Tips for remote development

Keywords: #ros2 #emacs #tramp #ssh

I’ve been developing on robots with Emacs for a few years now, and I thought it may be beneficial for me to do a write-up of some of the tricks I’ve learned. The usefulness of the following won’t be limited to robotics, nor only to those who use Emacs, as I’m sure the frustrations of developing on a remote machine, inside a container are transcendent. Given that I have wound up revisiting the ROS and GDB page a good number of times to jog my memory, I suspect that this topic will be as useful. The sections are ordered on a roughly chronological order of operations that I tend to follow when setting up a remote machine.

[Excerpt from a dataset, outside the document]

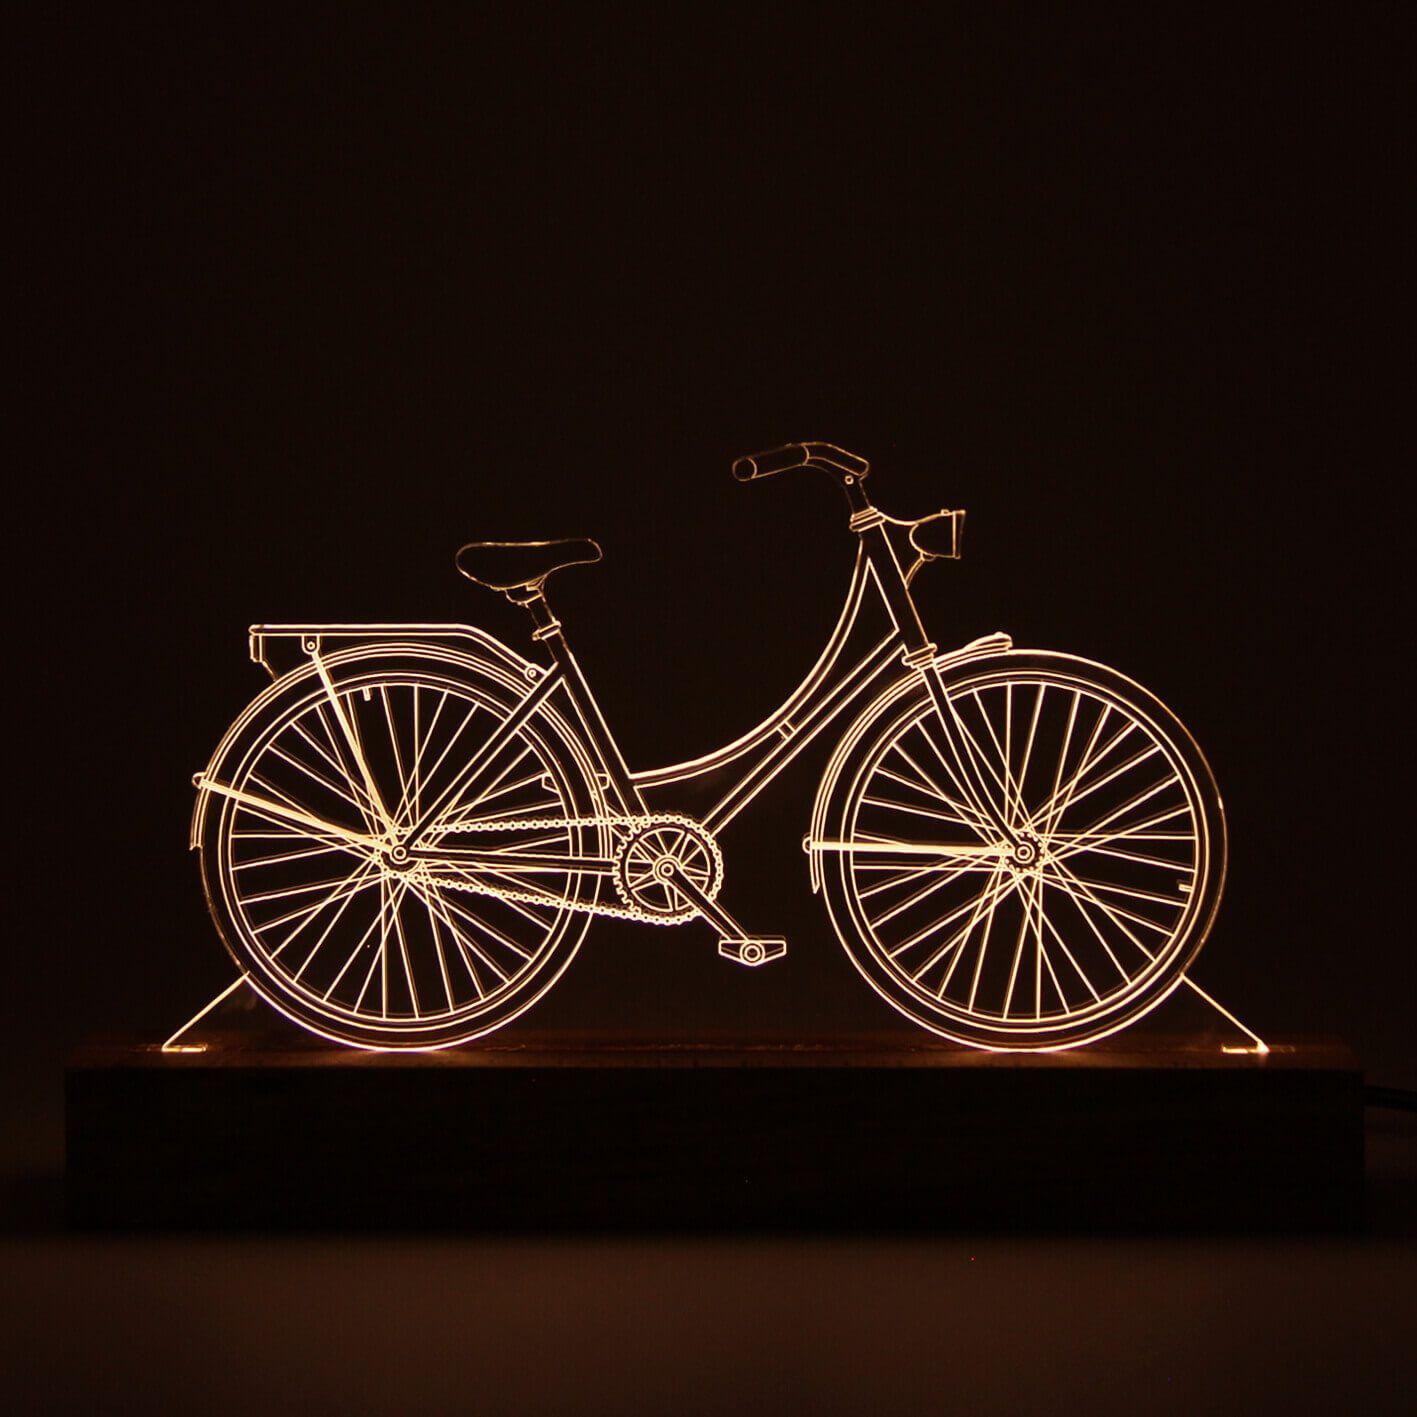 Europa - Luminária Bicicleta Holandesa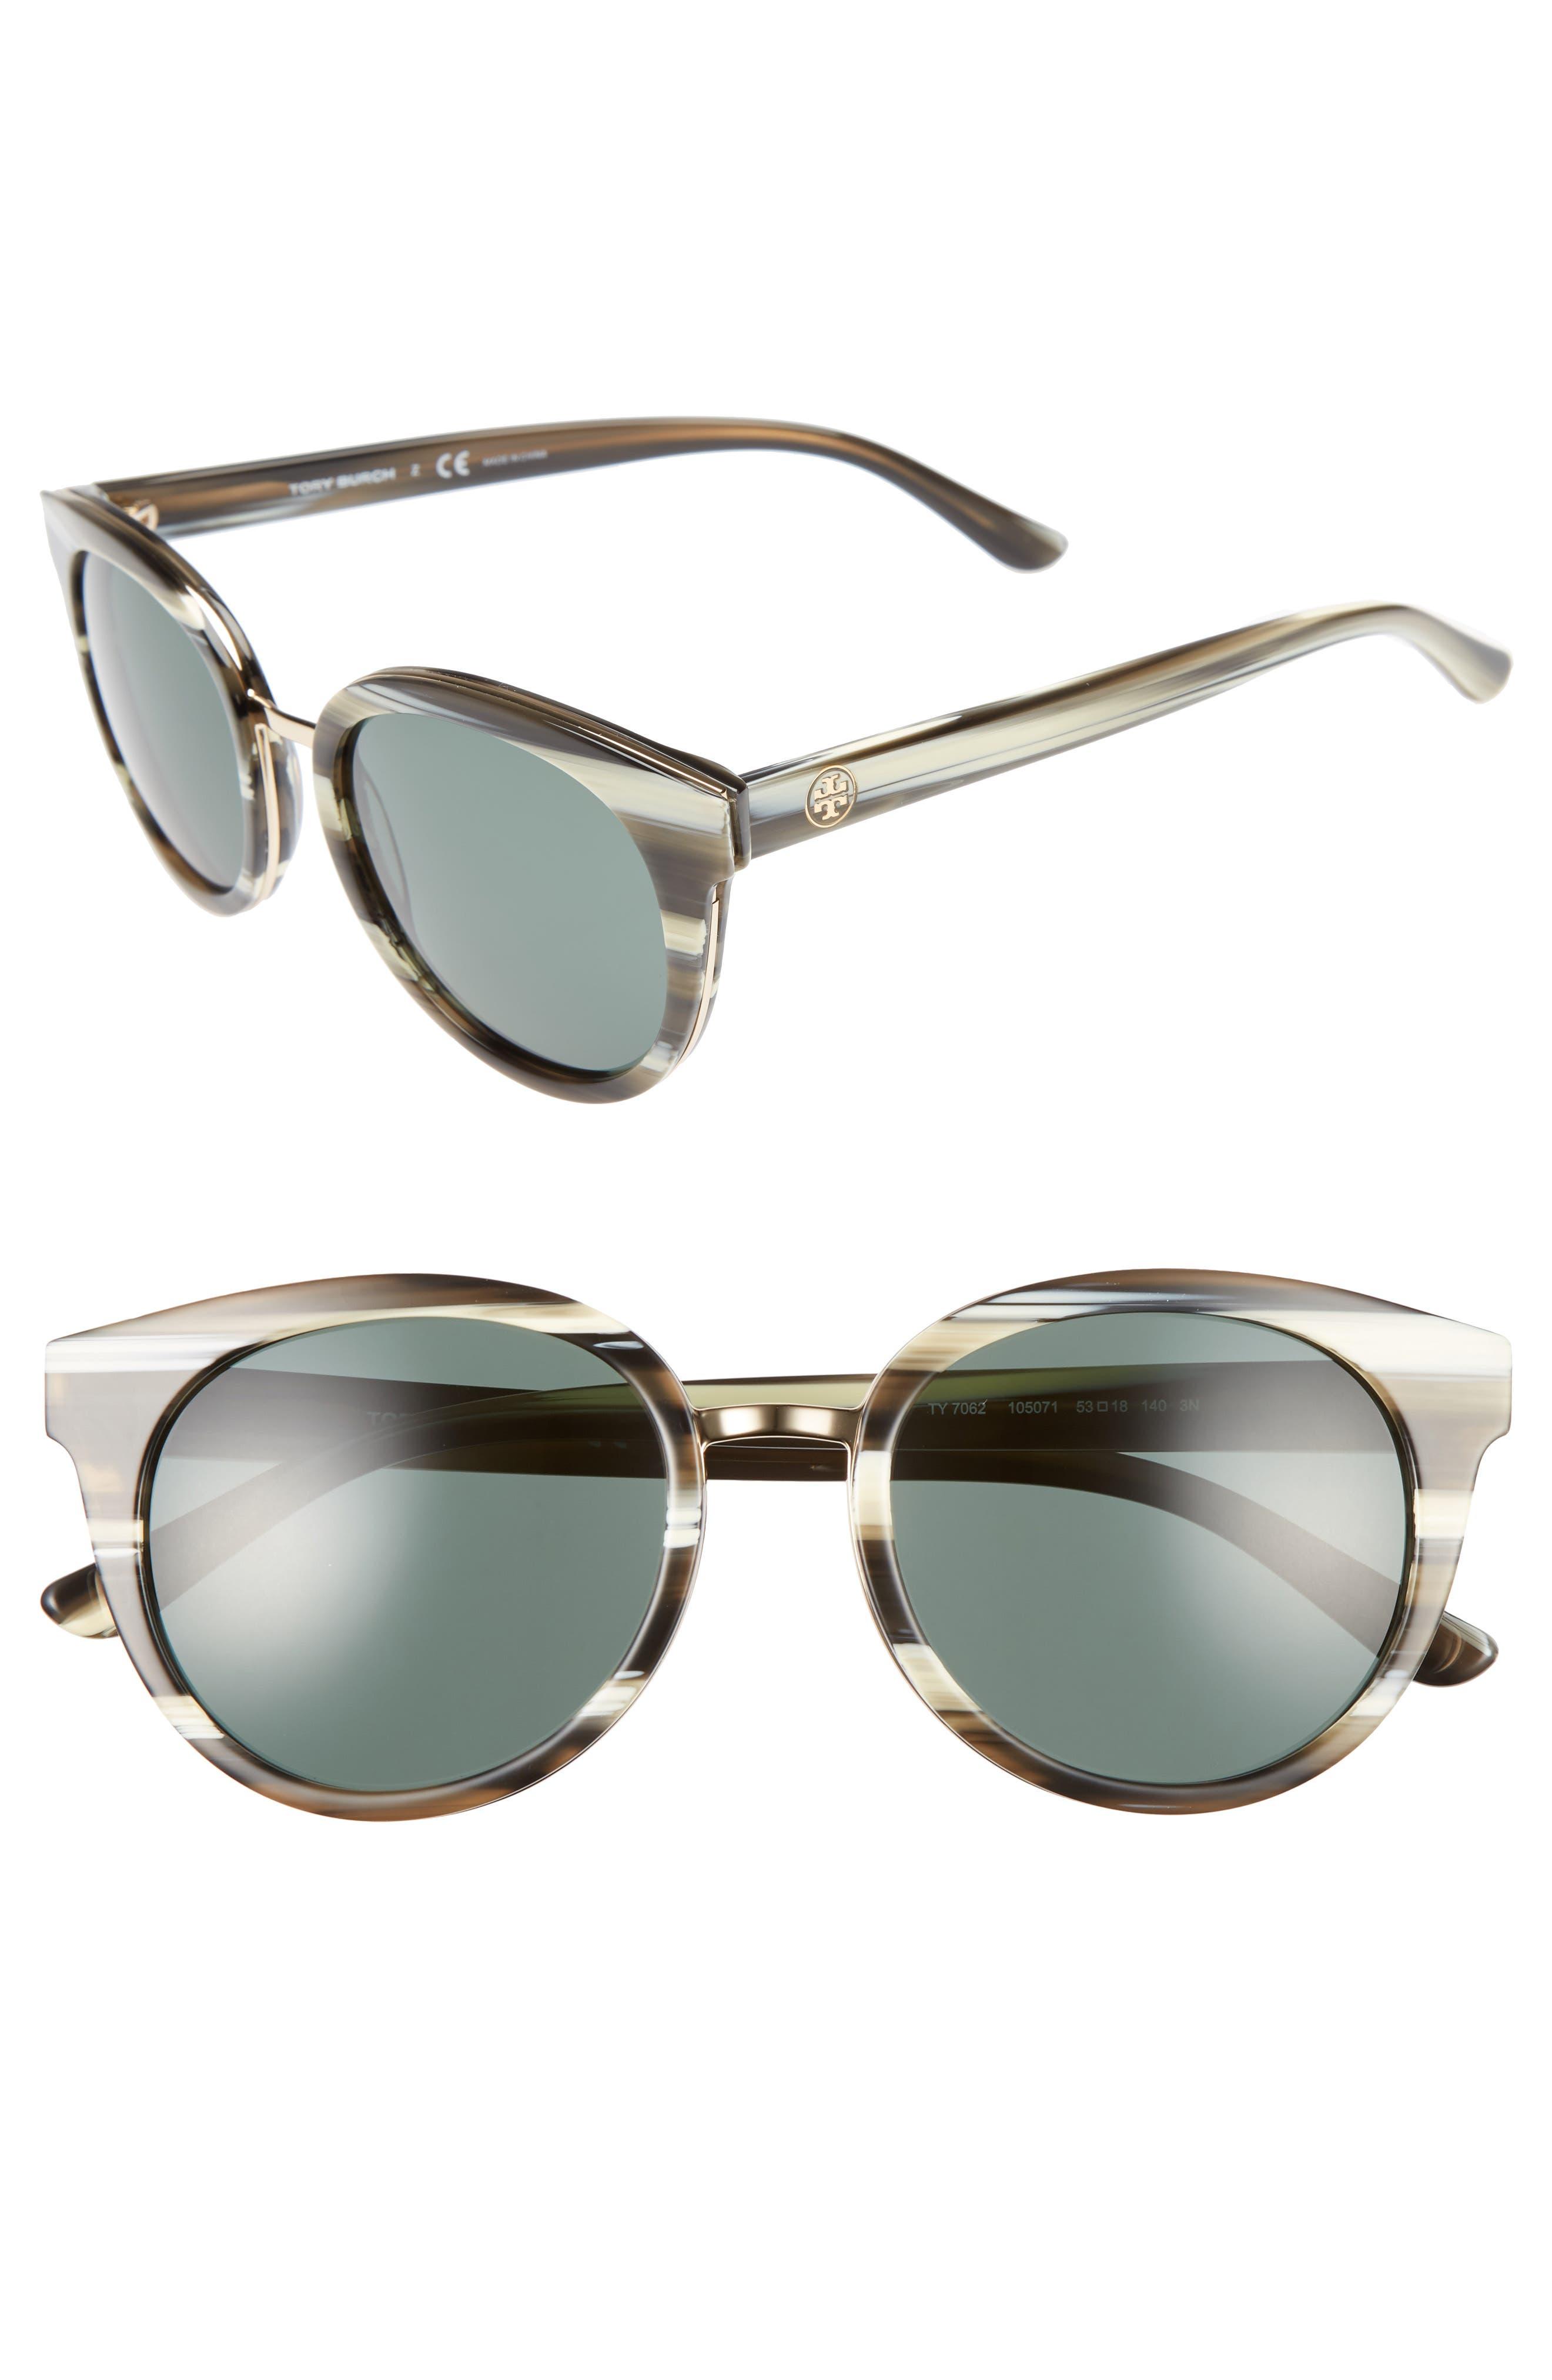 Main Image - Tory Burch 53mm Sunglasses

Give the machine a hostname

It’s the first entry in this list for a reason, and is always one of the first things I do. If you can avoid it, don’t waste your time with an $ nmap -sn 192.168.1.* every time your router assigns a new IP. Just configure the robot to have a hostname, and never worry about whether it’s IP has changed again. On Ubuntu, this can be done by:

$ hostnamectl set-hostname new-hostname

Now, when you need to address the machine, you can use the hostname appended with *.local instead of the IP:

$ ssh new-hostname.local

and it will connect to your remote machine. From here on, examples will use the remote name that I use for KIWI, instead of the usual ipv4 address you may be used to.

Give the machine your keys

This one is for all of you who still type a password every time you attempt to work on your robot. There is a command to copy over your public ssh key, and have it authenticate using your key as opposed to a password. Your editor will also use this key when connecting to a remote machine, which will dramatically reduce the setup time to development each time you power on the robot.

$ ssh-copy-id kiwi.local

Create a compilation script

Between us, I believe colcon is objectively a more powerful and robust build system, however a lot of accessibility general pleasantness was not carried over from catkin. Some examples are Colour output, and not doing any checks for whether it’s about to make a workspace inside of a workspace. This caught me a couple of times when I was trying out ROS2 with QUAIL, and led me to very quickly getting into the habit of creating a compile script for all of my projects. They’re almost always located in the *_ws folder, and have a form similar to:

#!/bin/bash

cd ~/kiwi_ws
if [ $# -eq 0 ]
then
      colcon build --symlink-install --cmake-args -DCMAKE_BUILD_TYPE=RelWithDebInfo -DCMAKE_EXPORT_COMPILE_COMMANDS=ON --no-warn-unused-cli  
else
      colcon build --packages-select $* --symlink-install --cmake-args -DCMAKE_BUILD_TYPE=RelWithDebInfo -DCMAKE_EXPORT_COMPILE_COMMANDS=ON --no-warn-unused-cli
fi

You can call this from anywhere, defaults to compiling with debug flags, and supports wildcard package selection. Not to mention exporting compile commands allowing your C++ LSP to work with your workspace. To compile a set of packages, instead of the whole workspace, append with the desired packages, for example: ./compile.sh pkg1 pkg2.

Give Emacs a function to streamline connecting to your machine

If you’re using god’s editor, place the following in your config.el, run with M-x tramp_kiwi. It will open a buffer to your remote machine. You’ll need to modify the file it opens.

(defun tramp_kiwi() "Open a session to KIWI"
       (interactive) (let ((ip-address "kiwi.local")) 
        (find-file (concat "/ssh:" ip-address ":~/kiwi_ws/README.md"))))

Some people may try something fancy, such as opening a find-file buffer on connect, but I like to keep it simple

Develop inside of your container

If you’re working in a containerised environment (As you should be!), Tramp works well inside of a remote container:

(defun tramp_kiwi_docker() "Open a session to the kiwi remote docker container"
       (interactive) (let ((ip-address "kiwi.local") 
        (docker-container-id "kiwi_docker") 
        (file-path "~/kiwi_ws/README.md")) 
        (find-file (concat "/ssh:" ip-address "|docker:" docker-container-id ":" file-path))))

With a bit of effort, LSP servers such as clangd/pyls can run in the container if you have them installed. Obviously this won’t work if the container isn’t currently running, it would be interesting to extend this function to run the container if it is currently halted.

Fin

I’ve been meaning to give ros.el a try. I’d like to make a part 2 post of this style covering more of the Emacs side of things, if it ends up getting integrated with my workflow.